Reasons

What are my reasons for being? What makes up me?

Most things can be explained. In the age of reason and in the realms of advancing science, it seems the logical loose ends and mysterious physical phenomena are being tied off. Given enough time, we can figure most things out.

And, as an extension of that logic, can we figure anyone out? What do you make of a person – with all of their motivations, their dreams, their hidden emotions and inner truths? To a certain extent and with enough concentrated observation, we can see people’s private universes in their actions and in their environments. Over time, can you figure someone out? I think you can get 90% of the way there. There will always be something remaining, some unknowable truth, some subconscious secret. Even in the light of a sincere relationship long standing, just a little darkness remains inside. To varying degrees, everyone has their own complexities. With this line of thinking, perhaps you can never completely know a person, even after years, even if you feel like you do.

Applying this narrative to my own life, my self, who am I? Do I know my complete self? What am I still figuring out, what darkness remains? Considering my own history, what are my reasons for being? And given a complete understanding of my past – what does this comprehension mean? How can it best be used to better my future choices?
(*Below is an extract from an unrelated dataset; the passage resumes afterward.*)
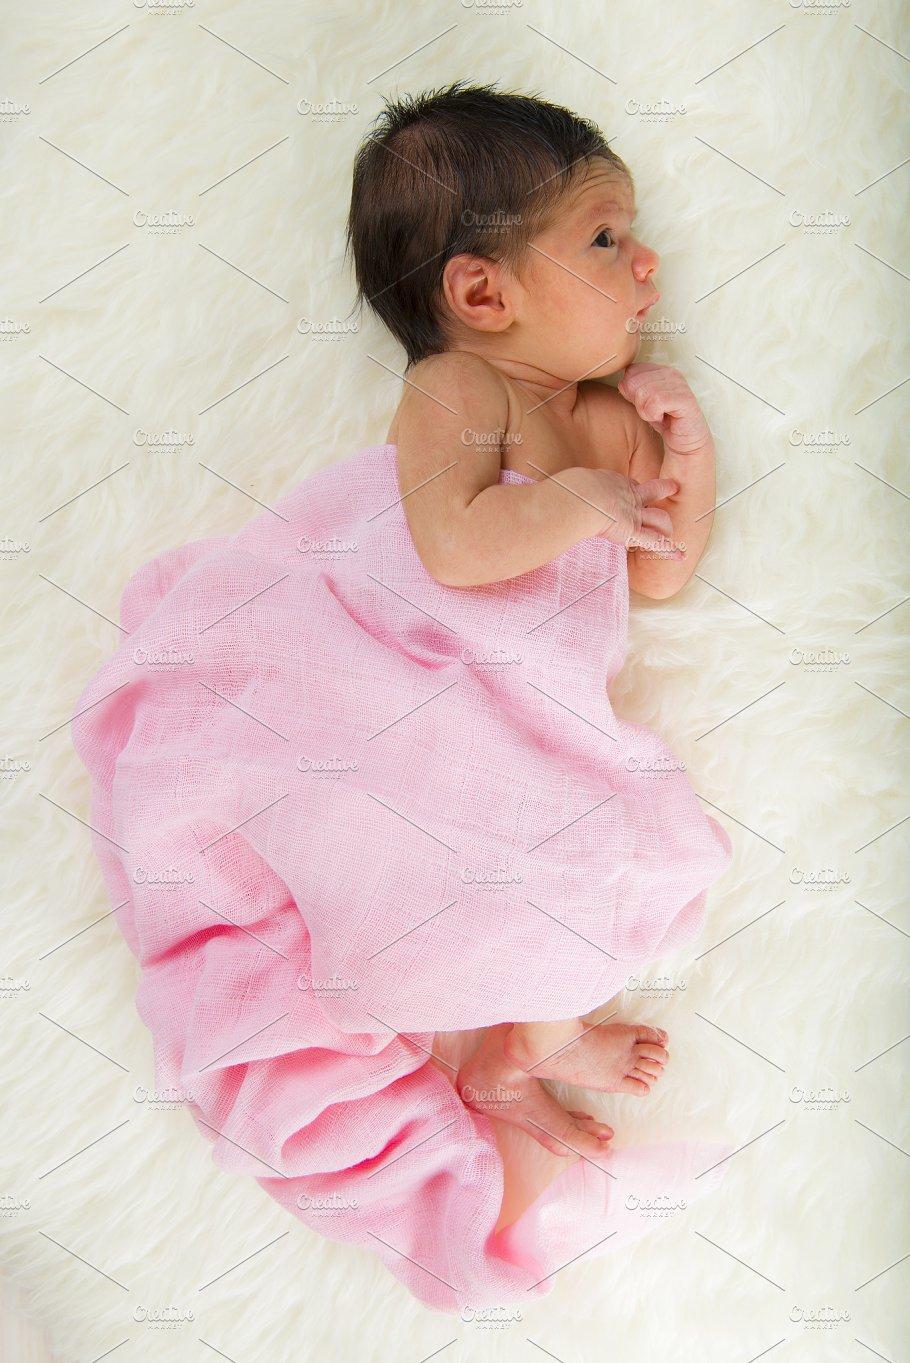 Newborn baby girl people photos creative market

There are, of course, definitive reasons and full explanations for why I am who I am today. Everything I have ever done, everyone I’ve ever interacted with or seen, every thought that has ever come into my head, has shaped and contributed to exactly where I am right now. I am influenced by the world and my behavior, in turn, acts as an influencer on those around me. Decisions and opportunities, taken or missed, have determined my current station.

This is definitive truth. And in this is light and darkness.

The question becomes: how does one think about the past? For in the state of mind, one can choose where to focus. Succumbing to the dark, I could choose to dwell on the mistakes and misses, playing out what should have been, how things could have been better for me given different courses of action. But in every decision, no matter how ill-conceived, there is a silver lining. Something else, a lightness, can be pulled from the darkest of places.

One could choose to blot out the darkness and consider only the good memories, the happy moments, the nostalgic reveries of one’s childhood. These thoughts might build confidence or better our mood temporarily, but the best times are still times that have past. Those efforts to go back can threaten to soften us to coming adversity and stunt current ambitions. There’s no progression in dreams uninitiated. It’s important to acknowledge the darkness we often find ourselves in and face up with the demons which haunt us. Just as it is important to feel the gratitude for the light on our skin when the sun shines down upon our lives.

In the mind’s spaces, one must find the balance between these two opposing forces. In this balancing act is a better path to interpreting all our experience thus far. There is a singular purpose in this mindfulness.

In a sense, we have this choice; there is dynamism based in free will of thought even after events have come to pass. How I choose to consider my current station is just as significant as the real decisions that delivered it.

There is great power here. The perspective I choose to take, and the thoughts I choose to empower, will determine my chain of consequences and dictate my futures, endlessly. Here and now, I am to determine my own reasons for being.

To these ends, all reasonable perspectives must be considered.